There will be times when you want to save something you've found on the web.  Rather than unlock your boot SD card, consider carying around a small USB flash drive.  Note that this will give you a vector for picking up malware, so there are some risks.  Additionally, there might be traces of your web use left on the flash drive, even beyond the files you knowingly saved there.  Still, if you need to save something, you certainly don't want to risk corrupting your boot SD card.

More info on Puppy Linux and security
Puppy Linux running on a RAM drive on my laptop is really responsive.  It has been such a pleasant experience that I actually prefer this setup for most PC activities short of gaming.  The SeaMonkey browser is quick, Flash videos play smoothly, sound support is excellent, and the package installer provides a seamless way to manage apps.  Even if you don't need a stealth PC, Puppy deserves a look as a possible desktop/laptop system, especially on old boxes with under-powered (by today's standards) CPUs.

The Puppy forums are quite active and filled with excellent information on all aspects of Puppy.  You can even find a 64-bit version of Puppy, called Fatdog64, if you want to try out a 64-bit distro.  Note that I haven't tried Fatdog64 and cannot offer any personal experience.

Puppy is preconfigured to do an auto-save of RAM to the boot device every 30 minutes.  To disable this auto-save feature, use Menu/System/Puppy Event Manger/Save Session, set the interval to 0 (never), then click OK.  Remember to do a save (click the Save icon on the desktop) to a write-enabled SD card to keep this setting.

Here is a discussion of using an earlier version of Puppy for secure banking and browsing:

That link also includes some excellent information on hardening your browser, making it less vulnerable to malicious downloads and web links.  Even though you will likely be surfing with the write-lock enabled, there's no sense risking contamination of your RAM image if you can avoid it.

Consider modifying Puppy's hosts file, as a kind of first line of defense while web browsing.  You can find the hosts file in /etc/hosts.  This is a simple text file containing several lines of information.  Each line consists of an IP address, usually, followed by at least one space and an URL.  The hosts file lets you deny access to URLs before Puppy even tries to look up an address.  For example, if you add the line:

to your hosts file, any website you hit that tries to reach that URL will be denied access by Puppy.  This isn't a firewall and it isn't a foolproof guard against picking up malware, but it can cut down on some of the crap you have to wade through while surfing.  Be sure to remove the write-lock from your SD card and save the changes you make to the hosts file, then relock the card.
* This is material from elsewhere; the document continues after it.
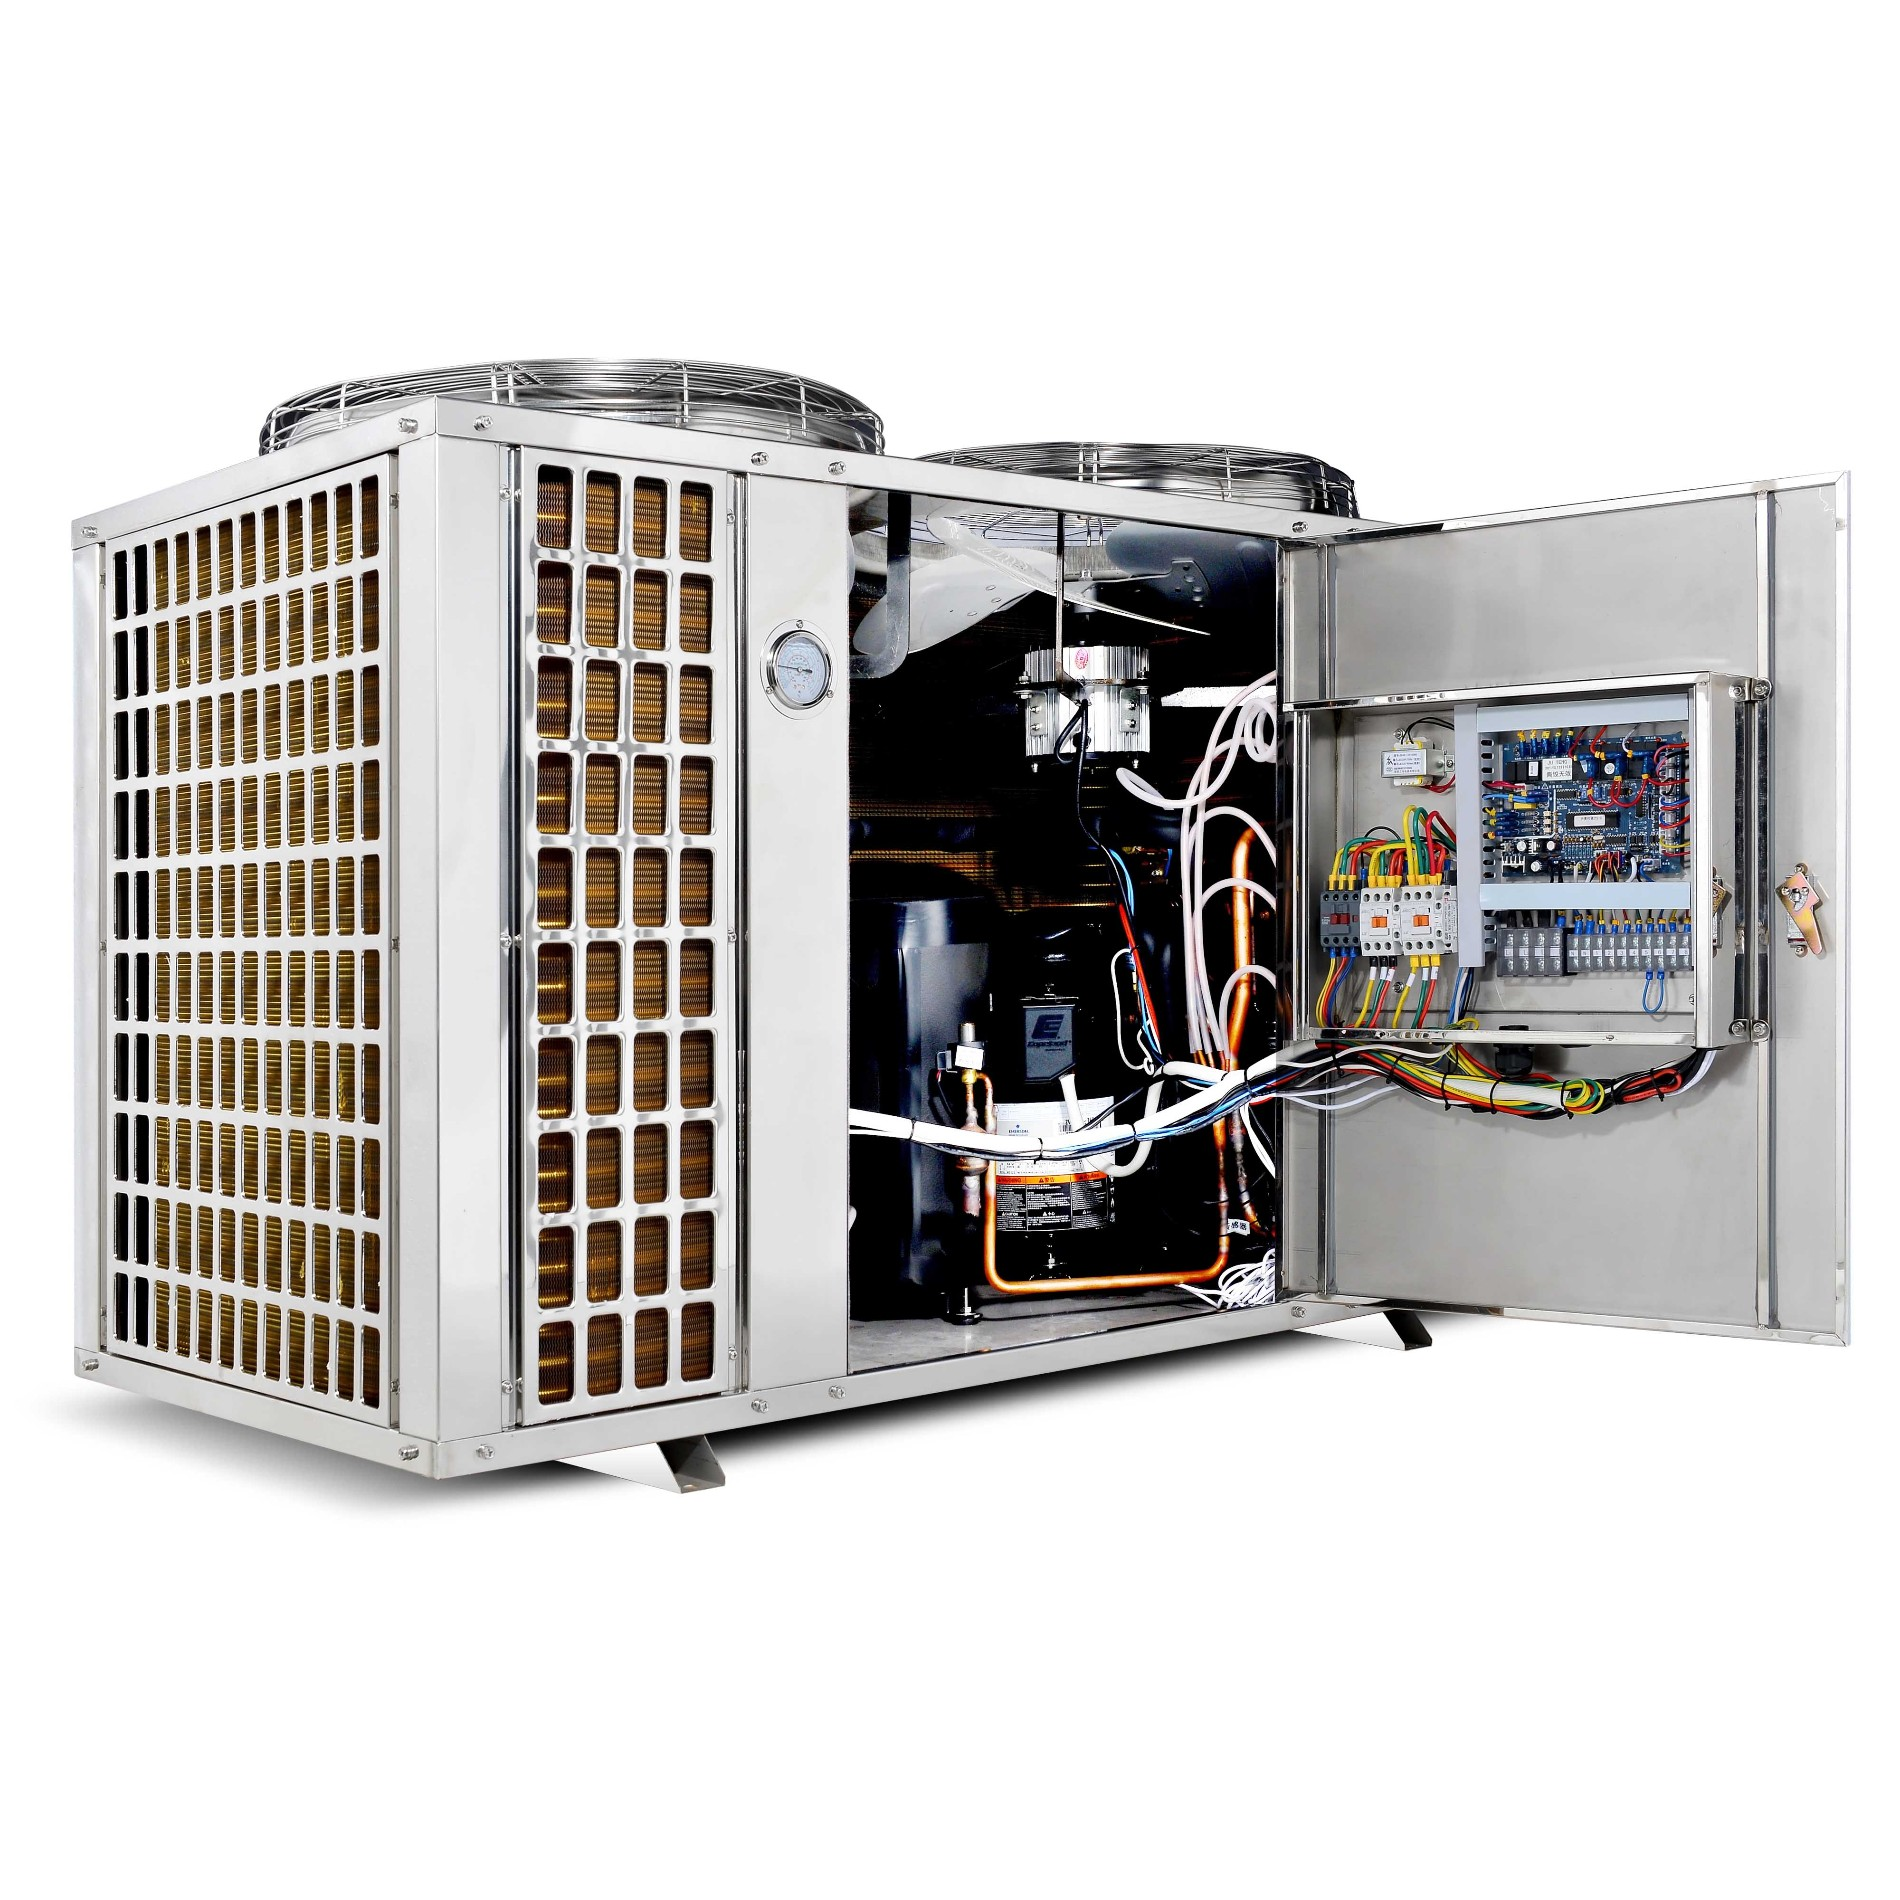 High quality energy saving techology  Industrial High Temp 90℃ Heat Pump Quotes,China heat pump equipment Industrial High Temp 90℃ Heat Pump Factory, pump equipmentIndustrial High Temp 90℃ Heat Pump Purchasing
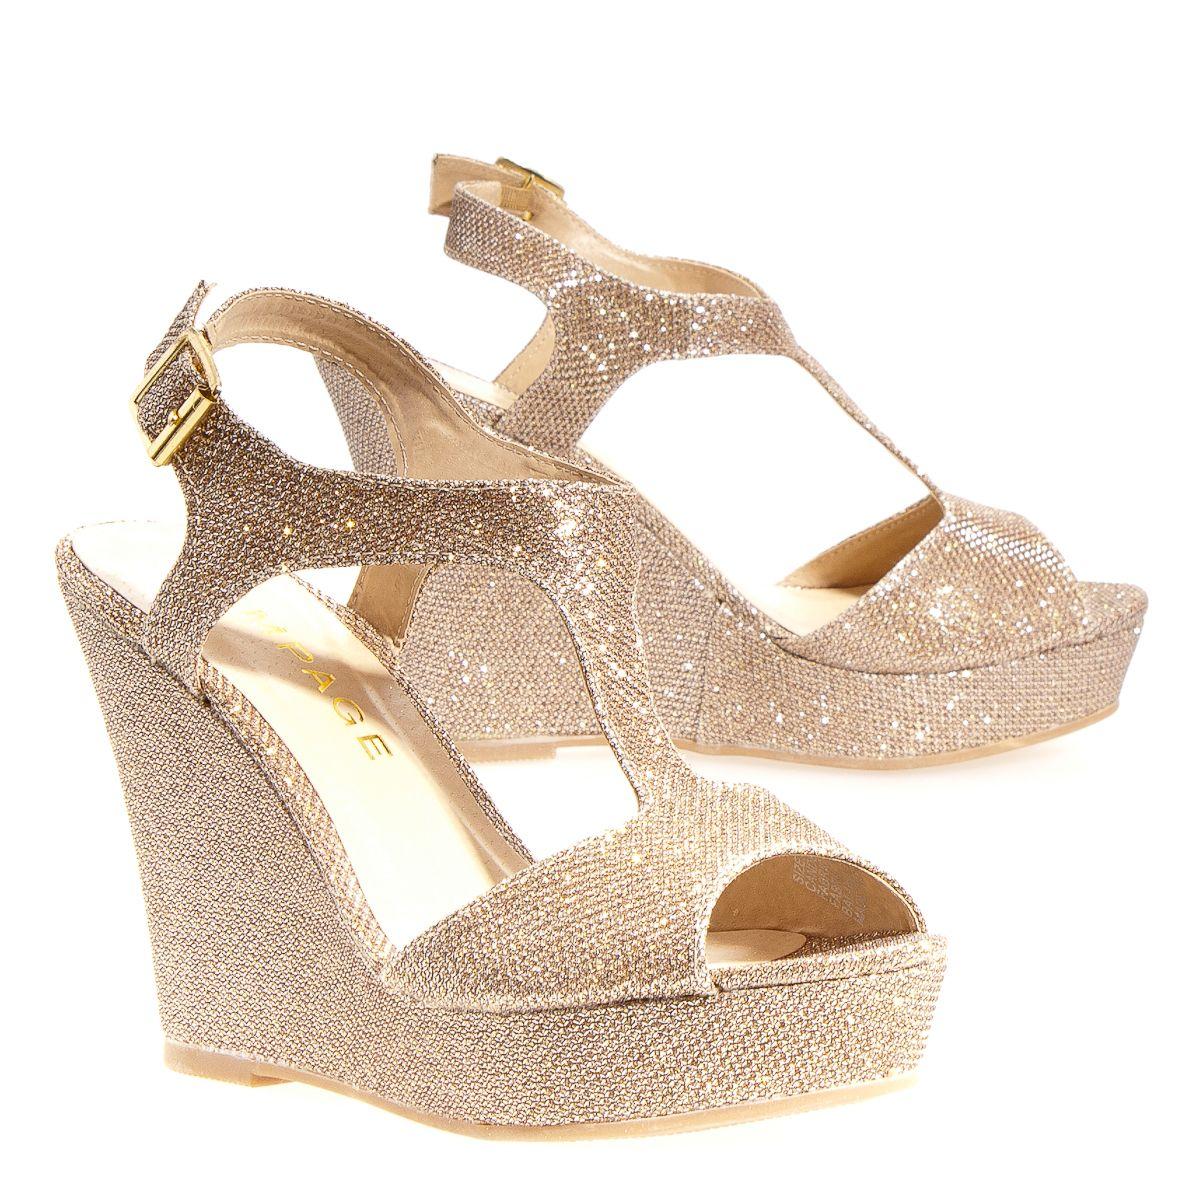 Rampage Candelas Women's Heel/Wedges: Blush 9

There has been a lot of web discussion on using ext2, ext3, and other file systems securely.  Much of the discussion involves ext3 and other journaling file systems, which complicate the ability to erase data from files.  The gist of the argument is that while you can erase all the contents of a file on a journaled system, copies of the data may still be available in other parts of the file system that are not explicitly part of the erased file.  This means that (some or all of) the file's contents can be recovered.  You can find some discussions here, here, and here, for starters.  The last link is to the Stanford labs and discusses a program called scrub, which is available in the Puppy Package Manager.  I intentionally chose to use an ext2 file system on my Puppy install to avoid the journaling issue.

Finally, there has been much discussion on the web about recovering forensic data from a PC's SDRAM, even following power-cycling.  The theory seems to be that the RAM retains some state information over time, even when no power is applied.  To that end, there are utilities on the web such as the secure-delete suite that include programs for zero-filling a RAM disk image before shutdown.  I have not (yet) explored these tools, mostly because I currently have no way of reading the RAM on bootup to check for data.  It's an intriguing area of research.  The forensics seminar touched briefly on tools for pulling data from RAM, and since the forensics team would most likely get a box that had been powered down for some time, perhaps there's something to the theory.